June 3, 2011— The Federal Trade Commission (FTC) yesterday tentatively approved the merger of blood product manufacturers Grifols and Talecris on the condition that the companies sell several of their assets. In a concurring separate statement , however, Commissioner Julie Brill called attention to the difficulty that 340B covered entities have had trying to obtain the blood product intravenous immunoglobulin (IVIG) at discounted prices.
Brill commented that “all too often … manufacturers have not made their products available at statutorily mandated prices. This subverts Congress’s goal of ensuring access to life-saving pharmaceuticals and increases costs to the health care system overall.” While Brill joined the rest of the commission in approving the merger, she said she “expect[s] … that the commission, other federal and state agencies, and affected purchasers will closely monitor these markets, both as to future proposed consolidations and potential coordinated behavior, including behavior that may adversely impact indigent and other at-risk patients through the critical 340B program.”

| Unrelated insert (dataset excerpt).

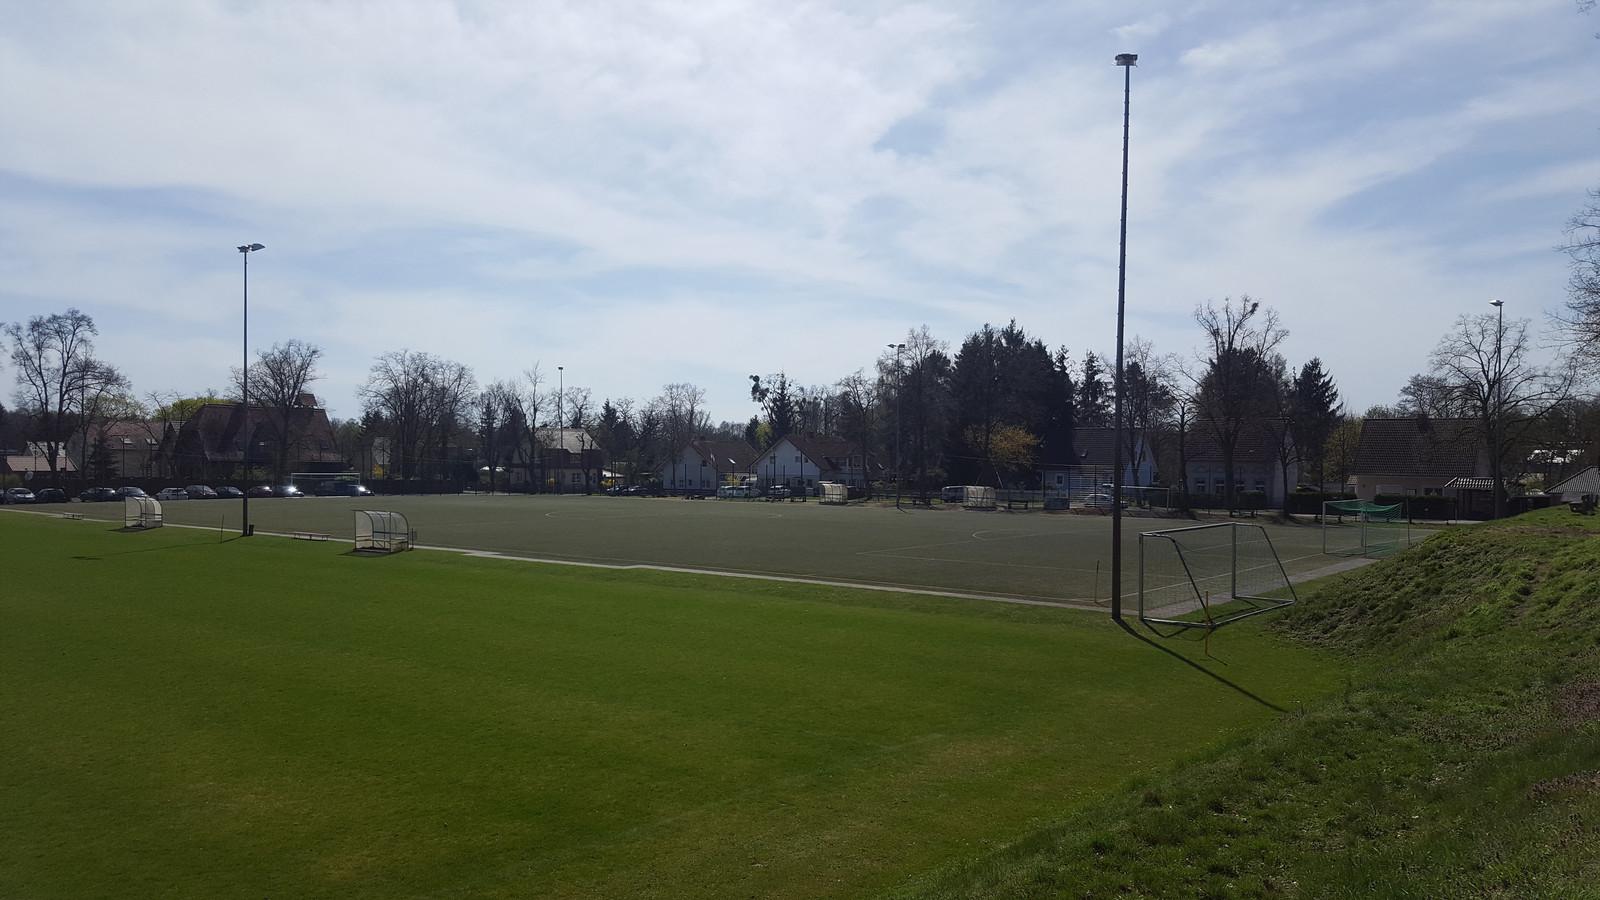 Sg 47 Bruchmühle  SG 47 Bruchmühle e V Fussball Verein

Ted Slafsky, executive director of Safety Net Hospitals for Pharmaceutical Access (SNHPA), said that “although SNHPA is disappointed the merger was approved and concerned that it could further impede covered entities’ already limited access to 340B-priced blood products, we applaud Commissioner Brill for recognizing the importance of discounted IVIG to our members and their vulnerable patient populations.”SNHPA represents more than 700 disproportionate share and rural hospitals enrolled in the 340B program and has advocated for many years for improved access to IVIG at 340B prices.

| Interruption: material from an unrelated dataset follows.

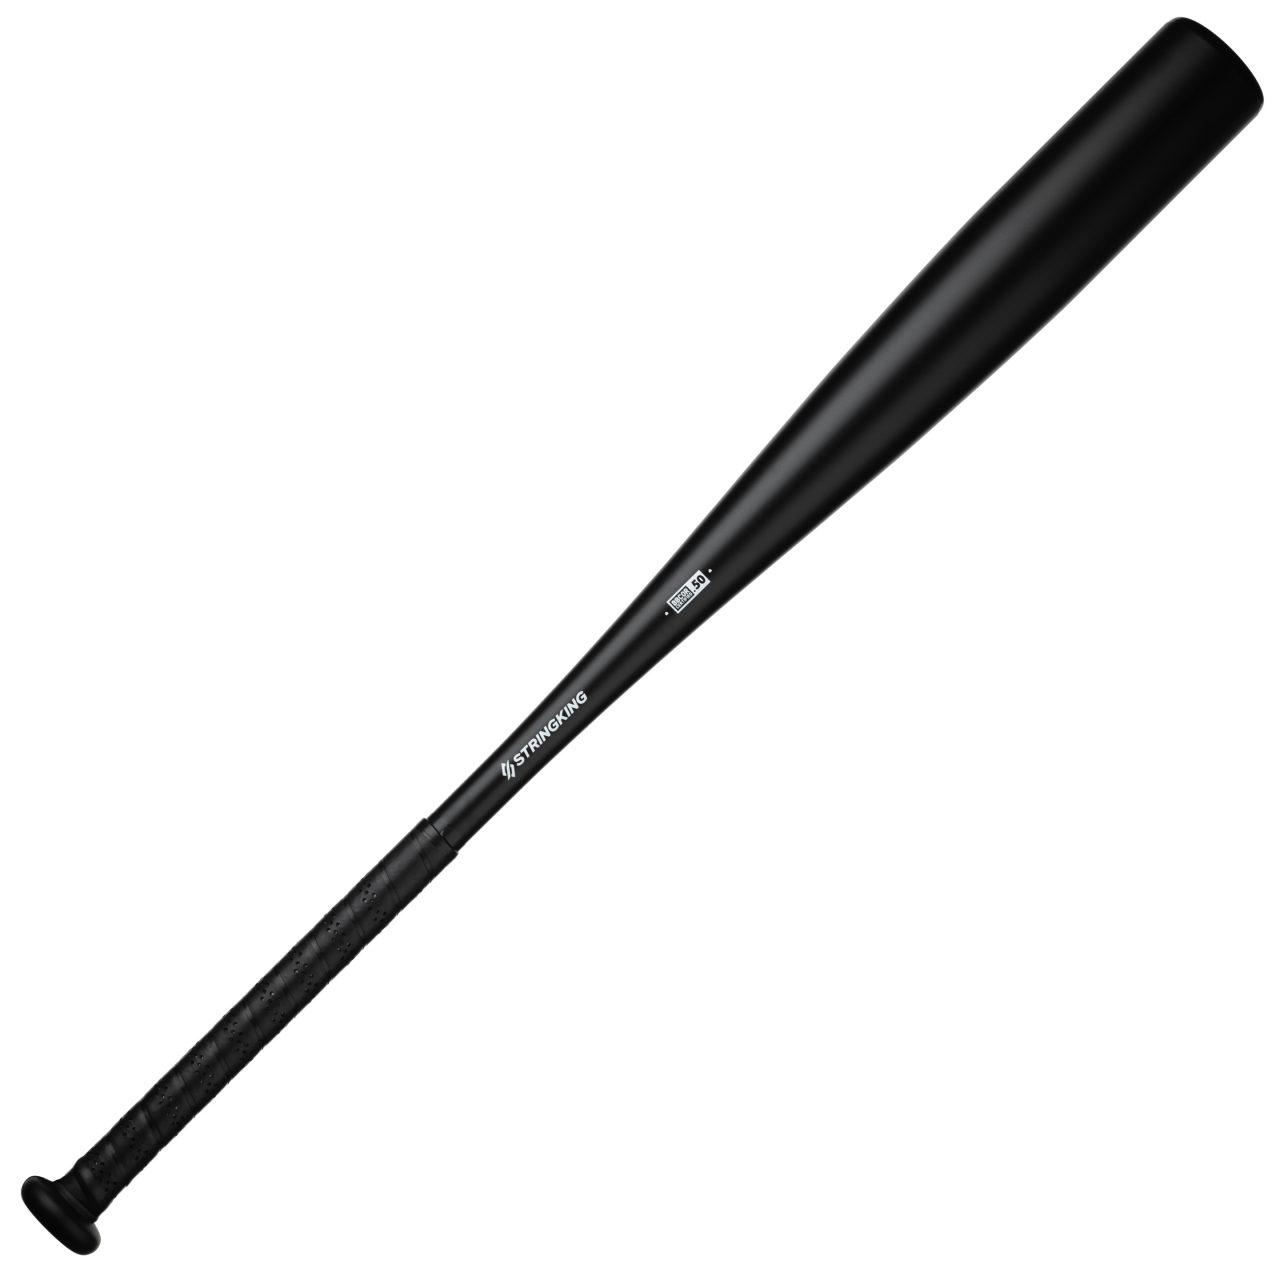 StringKing Metal Pro BBCOR Baseball Bat Full View

According to a news release issued by Grifols when it first announced the merger, the manufacturer sees the deal as a win-win for the two companies and the patients receiving their products. The press release states that “Grifols’ leading global footprint will benefit from Talecris’ strong presence in the United States and Canada. Grifols’ available manufacturing capacity will enable Talecris to increase production in the near term. As a result, the combined company will be better able to meet the needs of more patients with under-diagnosed diseases around the world.” If the FTC had not approved the merger, Grifols would have had to pay Talecris a $375 million breakup fee.
The FTC’s proposed settlement agreement requires Grifols to sell its fractionation facility in Melville, N.Y., and plasma collection centers in Mobile, Ala., and Winston-Salem, N.C., to Kedrion, a European-based producer of plasma products. Grifols must also manufacture three blood products, including IVIG, for several years for Kedrion to sell in the U.S. market. The purpose of these requirements is to enable Kedrion to enter the American blood product market. Currently, the only four significantly sized IVIG suppliers in the U.S. market are Grifols, Talecris, CSL, and Baxter. According to the FTC, Grifols and Talecris make up 8.4 percent and 22.8 percent of the market, respectively.
The FTC’s proposed settlement agreement is available for inspection on the agency’s Web site and will be open for public comment until July 1. In the meantime, Grifols is allowed to proceed with its acquisition of Talecris. According to an expert on the FTC approval process, very rarely do public comments result in a company having to undo a merger.